🤖 AI Summary
This work proposes two reduced-order models to efficiently simulate unsteady hemodynamics in cerebral vasculature while substantially reducing the computational cost of high-fidelity CFD. Leveraging proper orthogonal decomposition (POD) for dimensionality reduction, the study develops a physics-based POD-Galerkin model and a data-driven POD–Reservoir Computing (RC) model. A novel multi-harmonic, multi-amplitude training signal is introduced to enhance training efficiency, and this work presents the first integration of reservoir computing with POD for cerebral blood flow modeling, achieving both high accuracy and improved generalization. Both reduced-order models deliver acceleration factors of 10²–10³ compared to full-order simulations and accurately predict key hemodynamic quantities such as wall shear stress.
📝 Abstract
We investigate model order reduction (MOR) strategies for simulating unsteady hemodynamics within cerebrovascular systems, contrasting a physics-based intrusive approach with a data-driven non-intrusive framework.

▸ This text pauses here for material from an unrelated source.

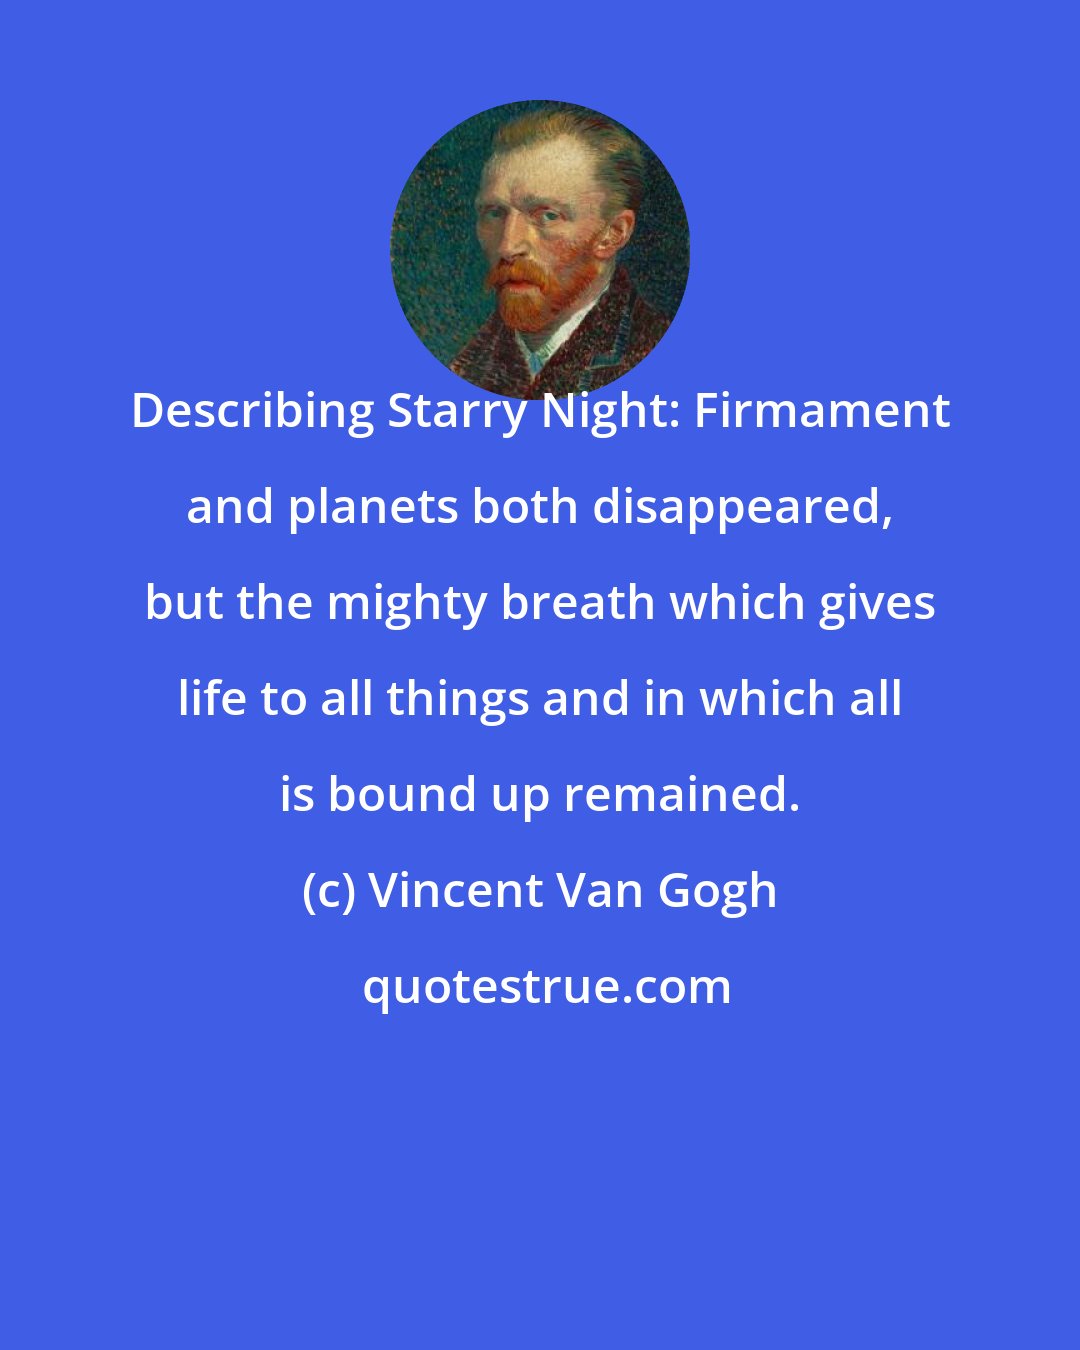 Vincent Van Gogh: Describing Starry Night: Firmament and planets both disappeared, but the mighty breath which gives life to all things and in which all is bound up remained.

High-fidelity 3D Computational Fluid Dynamics (CFD) snapshots of an idealised basilar artery bifurcation are first compressed into a low-dimensional latent space using Proper Orthogonal Decomposition (POD). We evaluate the performance of a POD-Galerkin (POD-G) model, which projects the Navier-Stokes equations onto the reduced basis, against a POD-Reservoir Computing (POD-RC) model that learns the temporal evolution of coefficients through a recurrent architecture. A multi-harmonic and multi-amplitude training signal is introduced to improve training efficiency. Both methodologies achieve computational speed-ups on the order of 10^2 to 10^3 compared to full-order simulations, demonstrating their potential as efficient and accurate surrogates for predicting flow quantities such as wall shear stress.